**What is expected**
Everything in the listing should be copied exactly, save for the pictures.

━━━━━ Source data

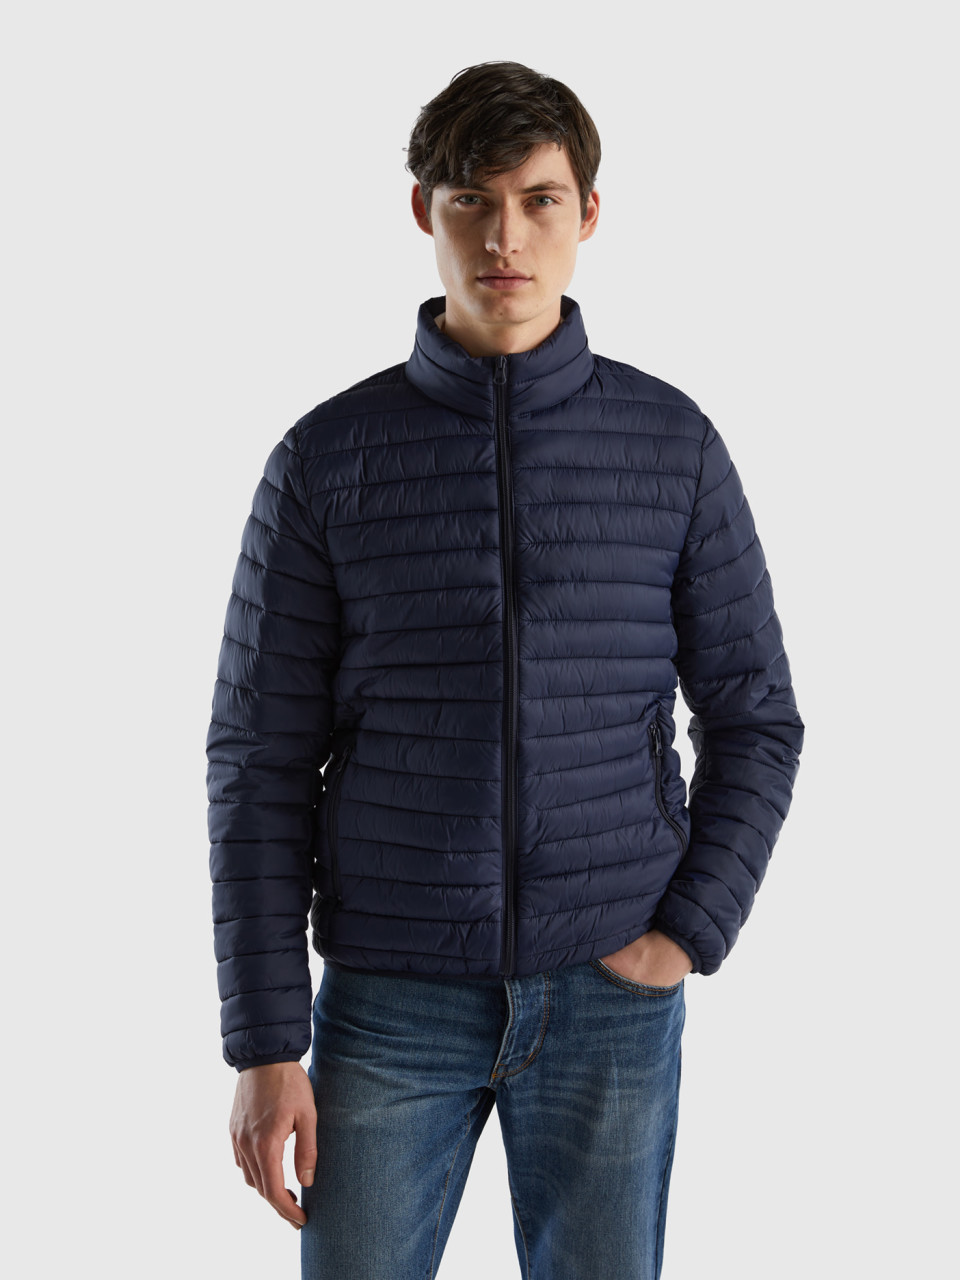 Benetton, Padded Jacket With Recycled Wadding, Dark Blue, Men
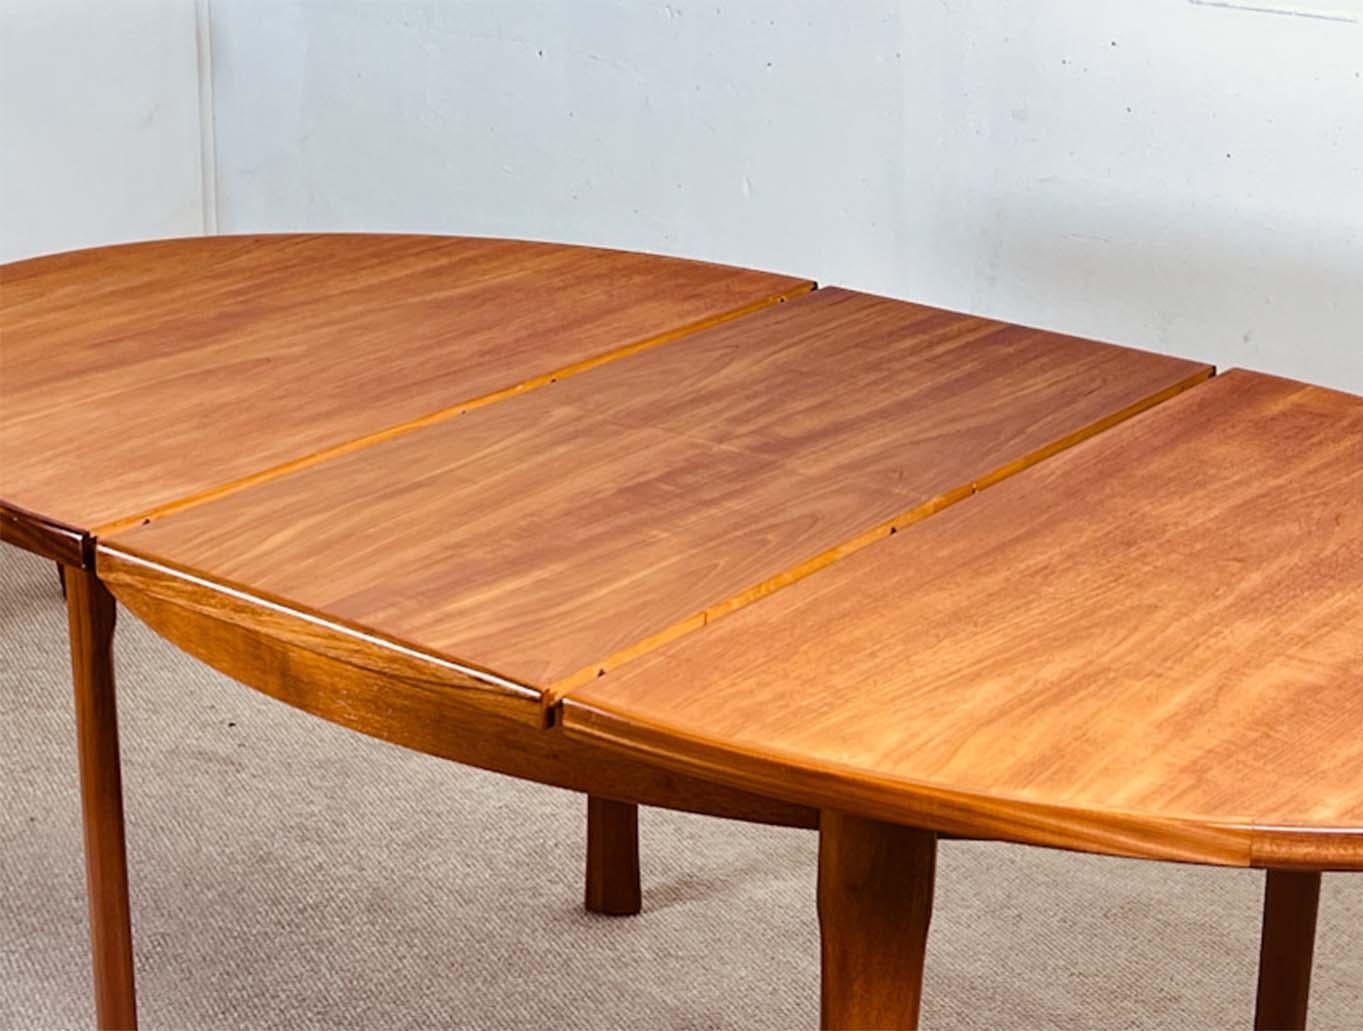 Mid-Century extending dining table with an oval shape and an internal extension.

The table is hand-crafted in a golden teak with a beautiful grain. The frame of the table is made in solid teak and the legs have a beautiful shape and can be
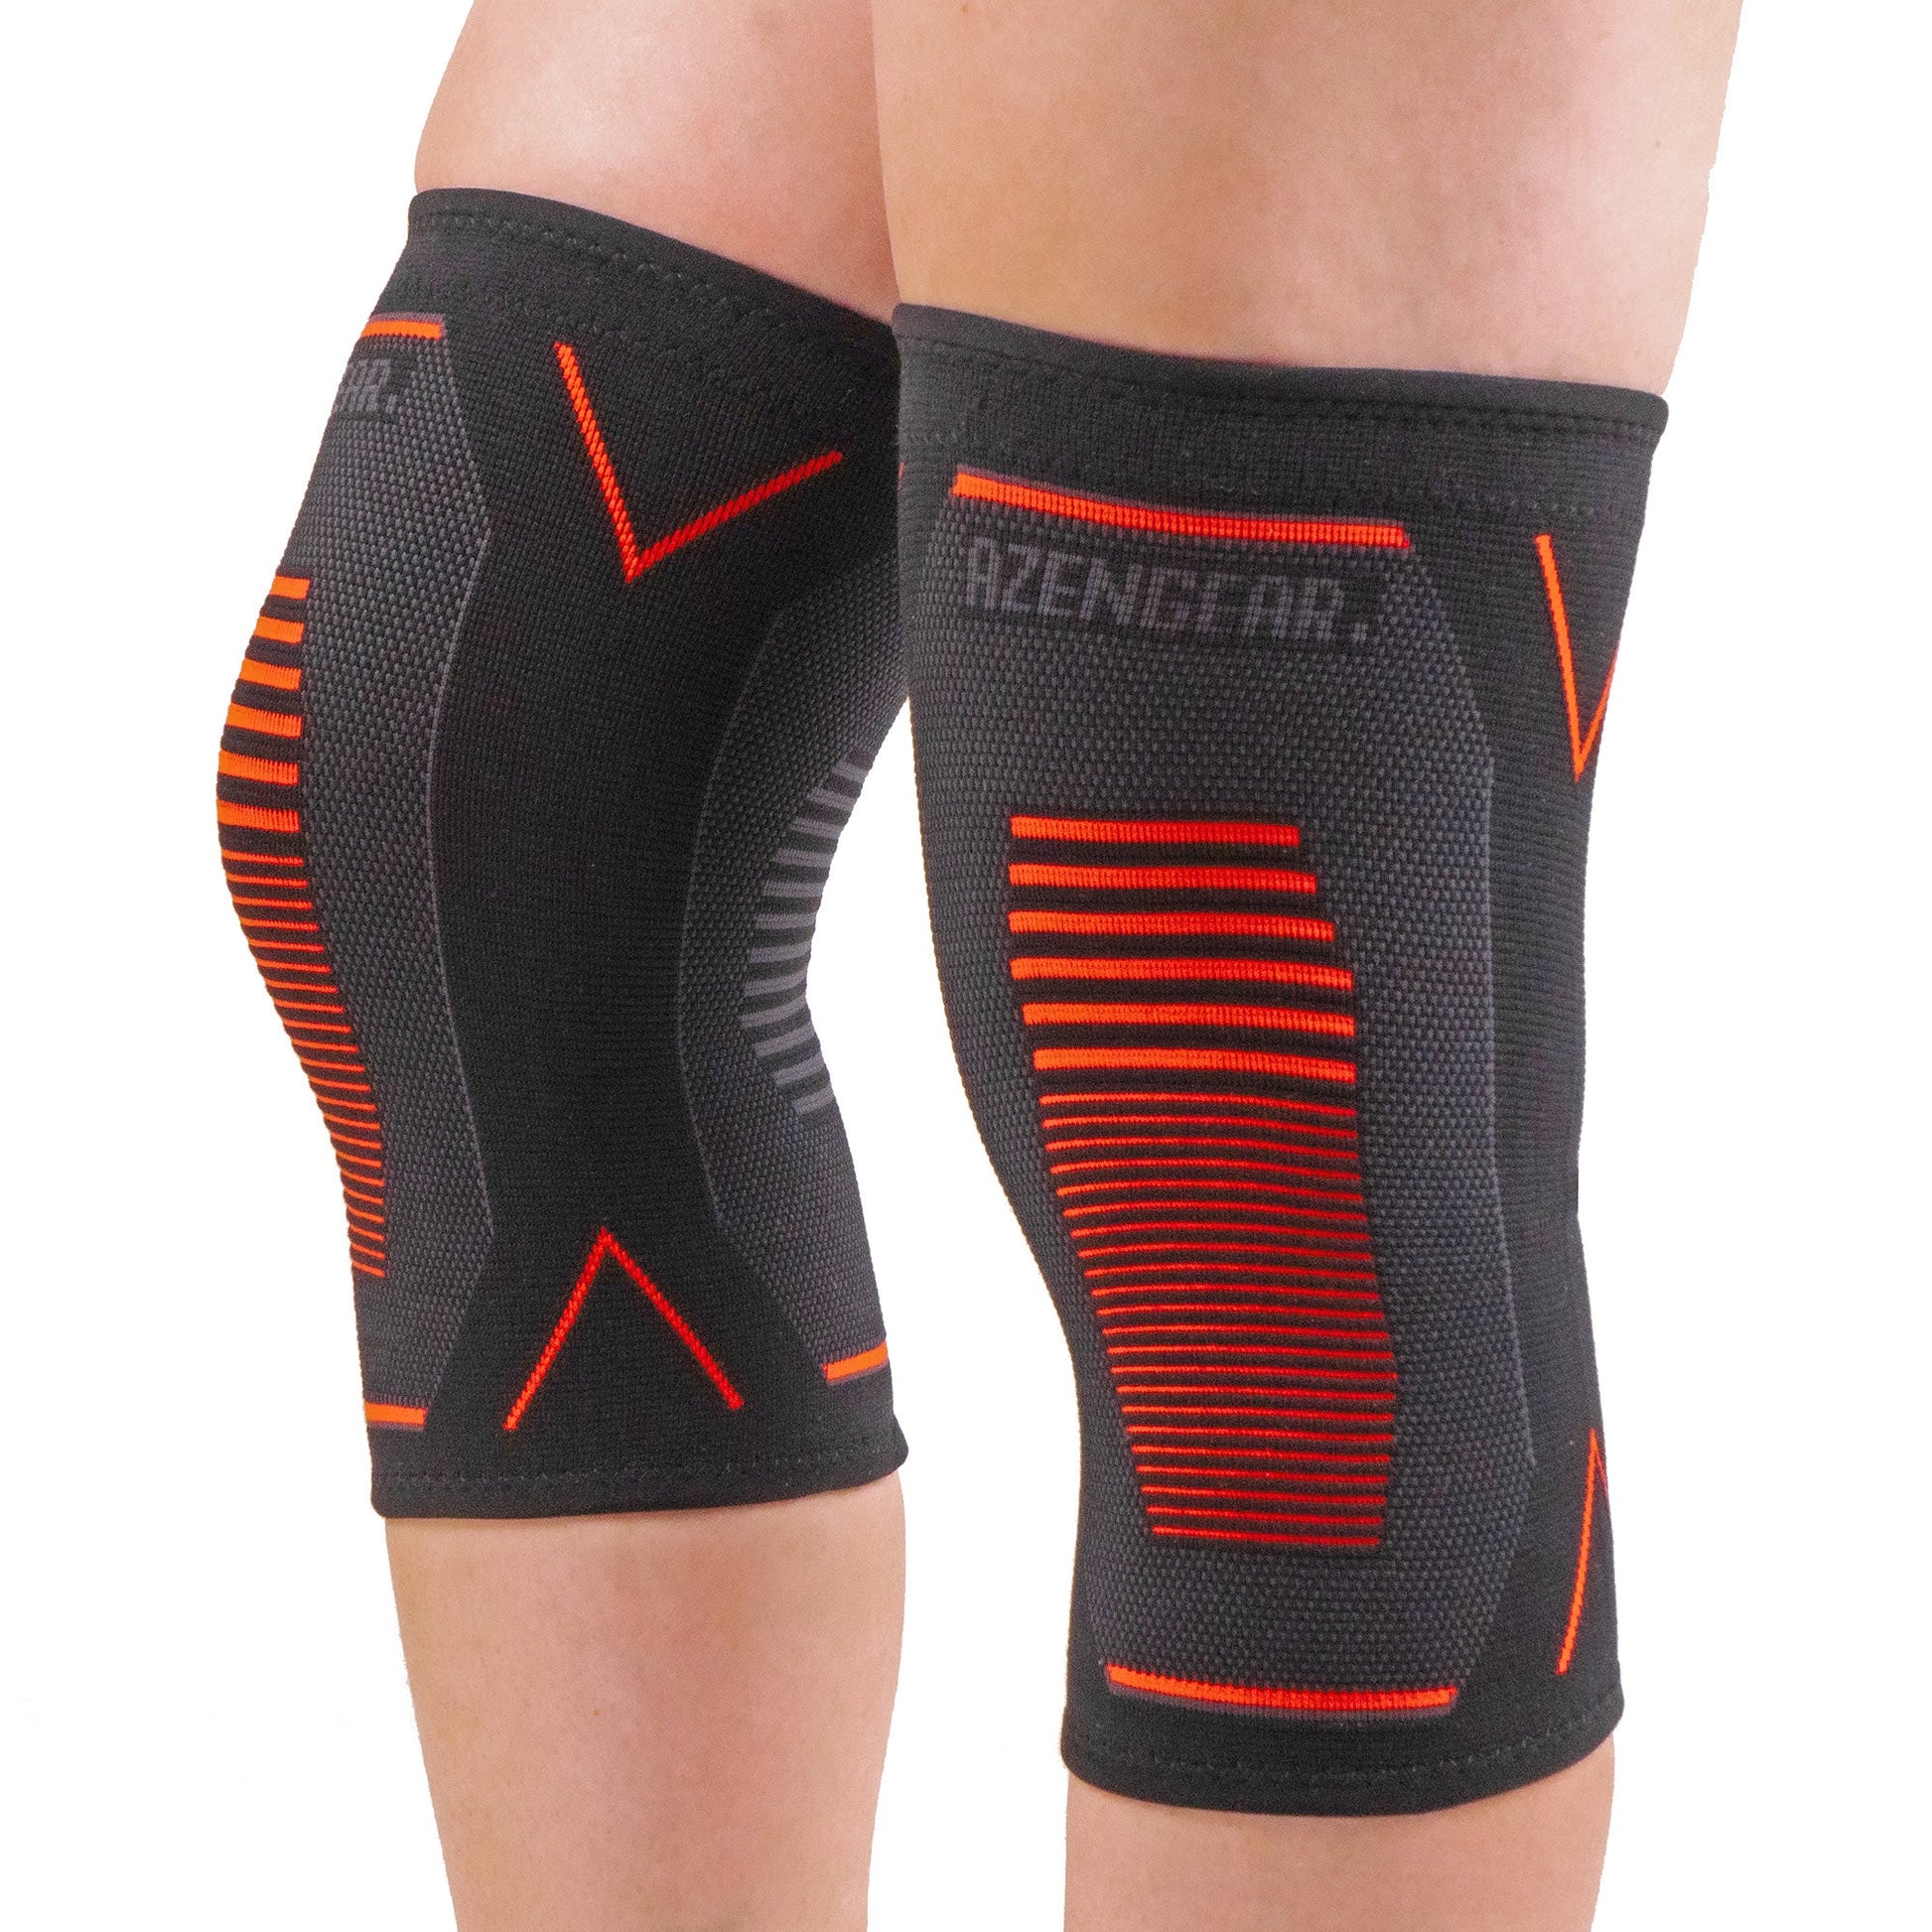 Knee Compression Support Brace (Pair)

━━━━━━━━━━

**Problem solution**
 Benetton, Padded Jacket With Recycled Wadding, Dark Blue, Men
 Mid-Century extending dining table with an oval shape and an internal extension.

The table is hand-crafted in a golden teak with a beautiful grain. The frame of the table is made in solid teak and the legs have a beautiful shape and can be
 Knee Compression Support Brace (Pair)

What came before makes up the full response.